| Assignment |
Please reproduce all of the data below exactly, leaving each picture out.

| The data |
----

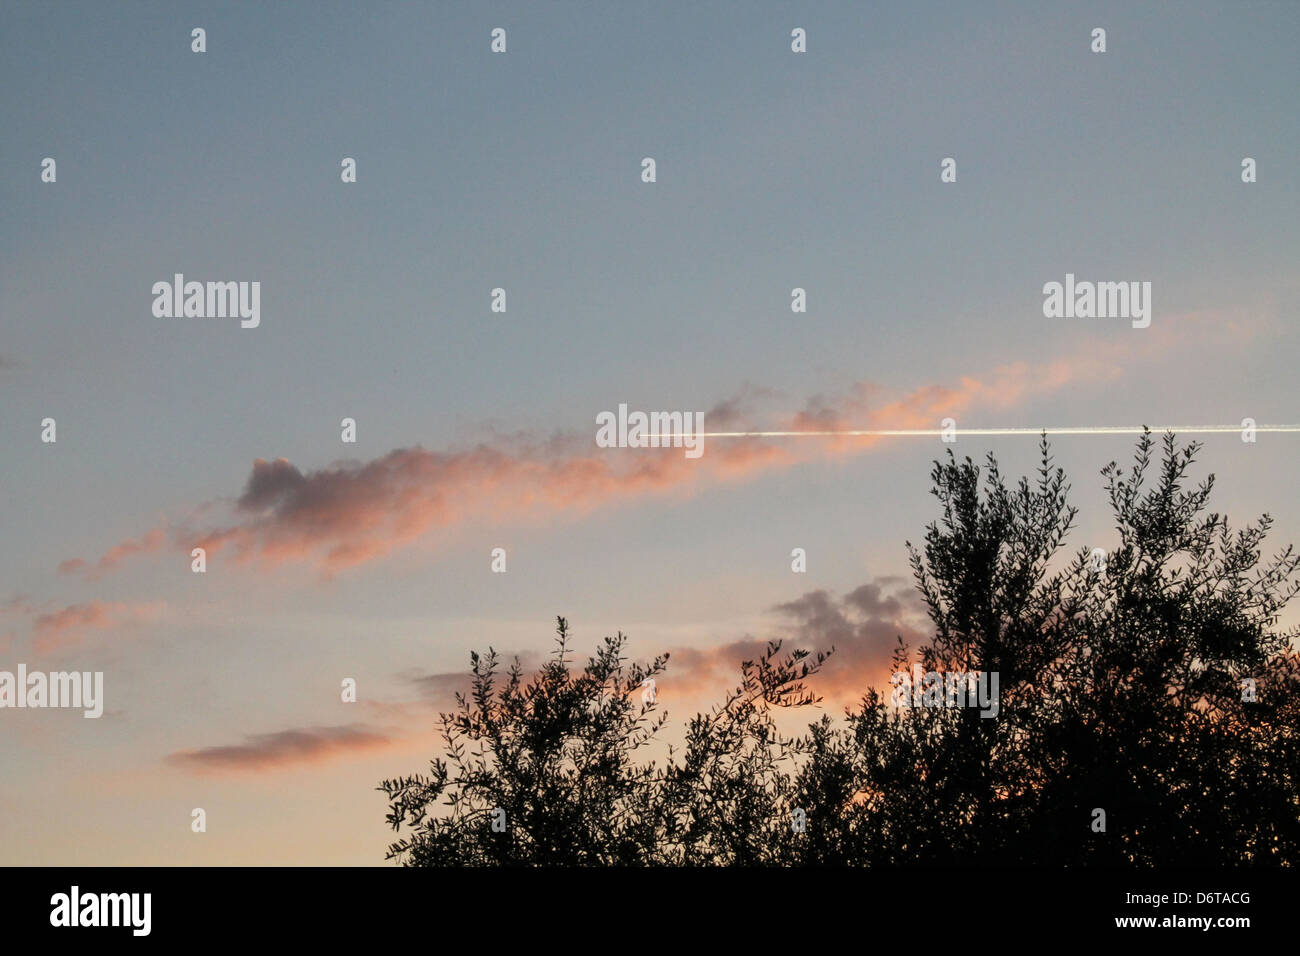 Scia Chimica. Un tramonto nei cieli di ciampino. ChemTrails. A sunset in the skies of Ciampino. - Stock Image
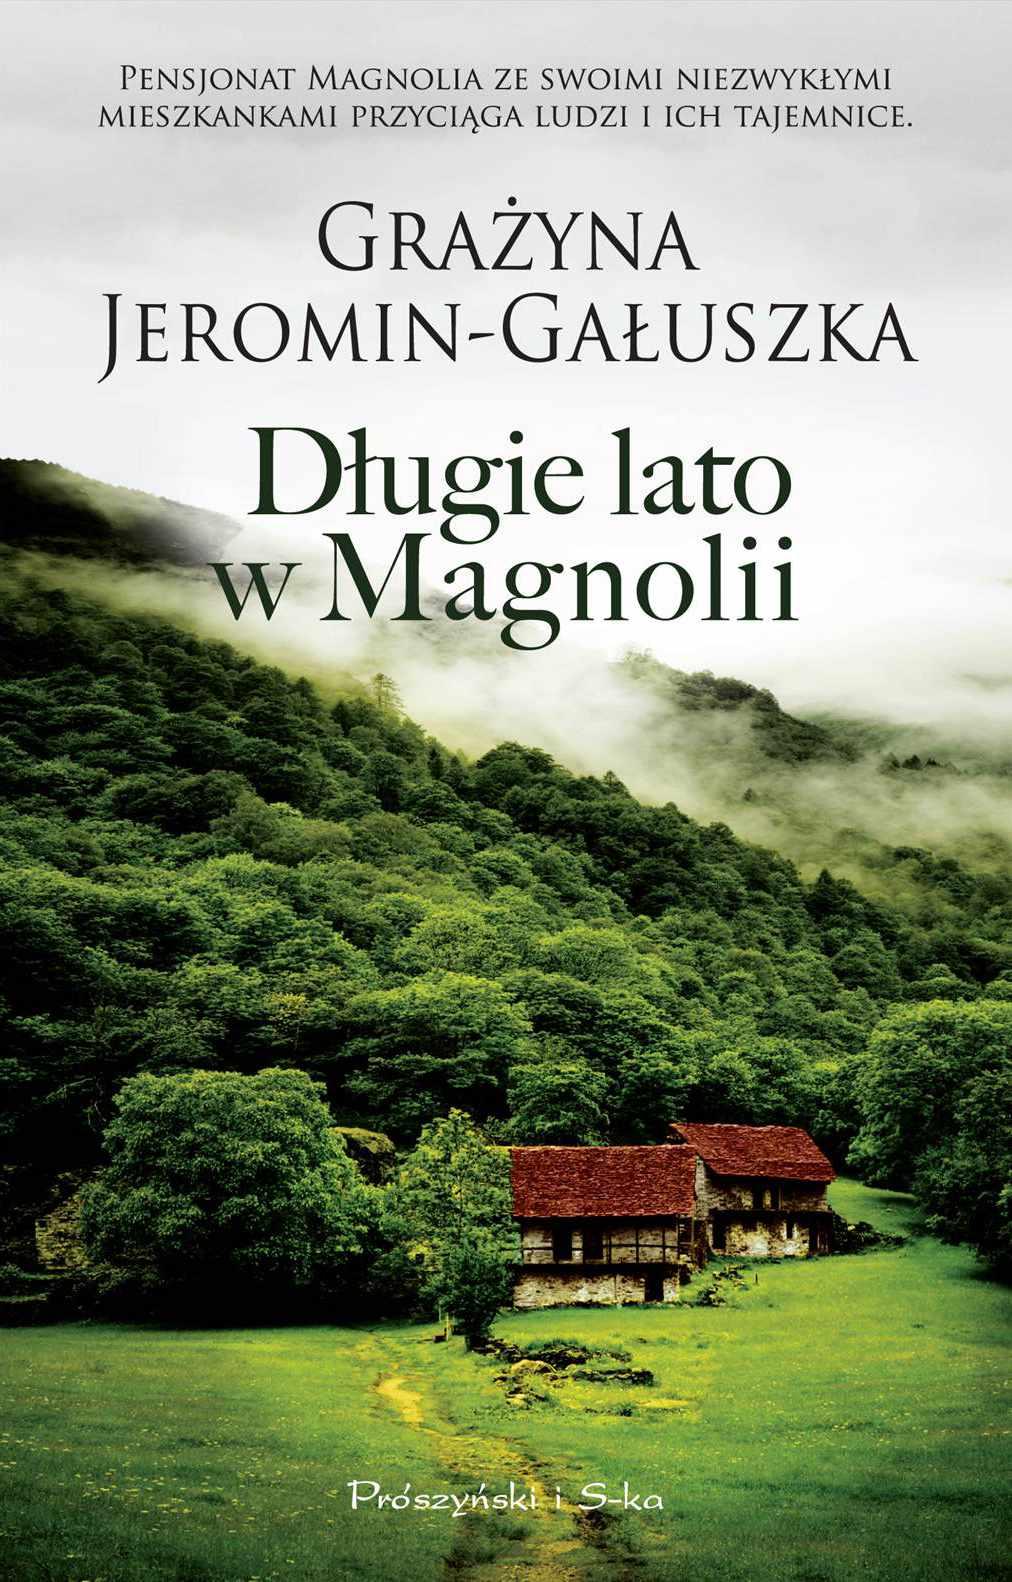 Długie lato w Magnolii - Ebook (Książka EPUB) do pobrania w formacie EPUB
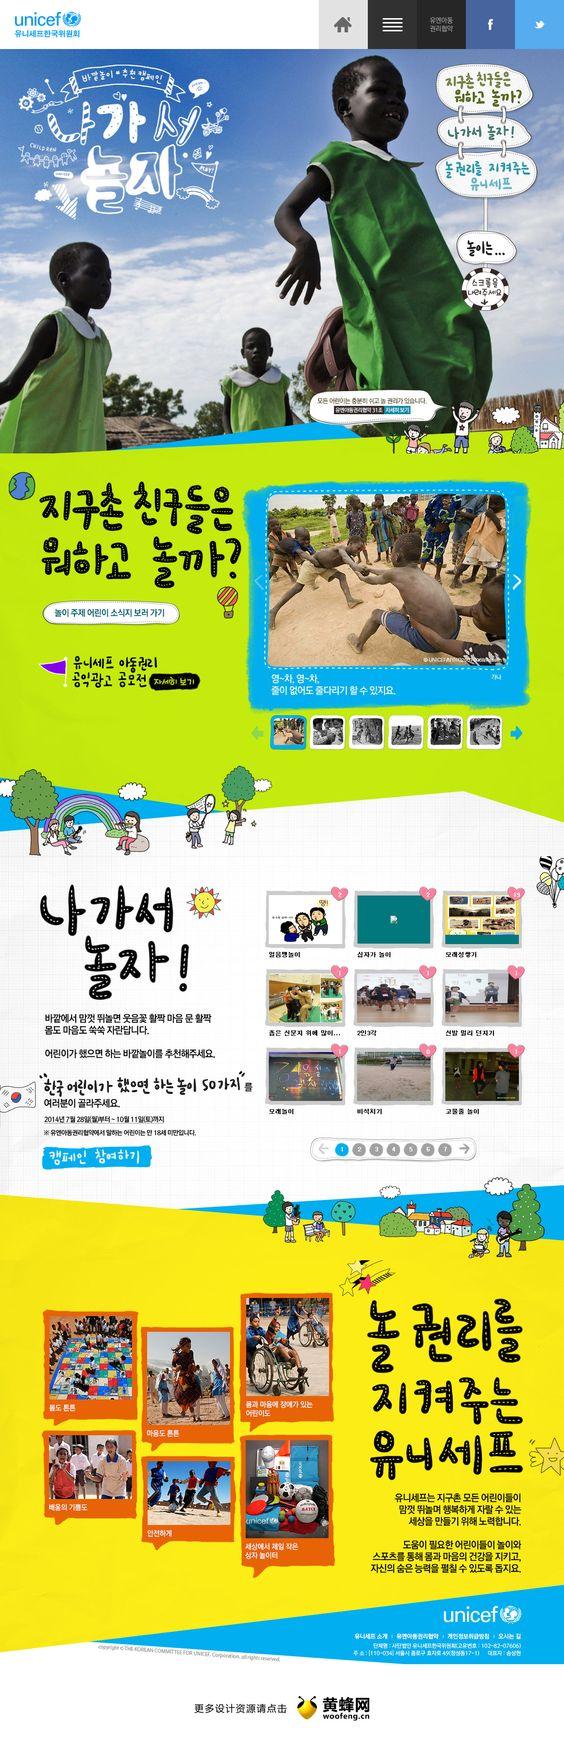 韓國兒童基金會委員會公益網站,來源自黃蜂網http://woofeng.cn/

----

| Output for this exercise |
 Scia Chimica. Un tramonto nei cieli di ciampino. ChemTrails. A sunset in the skies of Ciampino. - Stock Image
 Długie lato w Magnolii - Ebook (Książka EPUB) do pobrania w formacie EPUB
 韓國兒童基金會委員會公益網站,來源自黃蜂網http://woofeng.cn/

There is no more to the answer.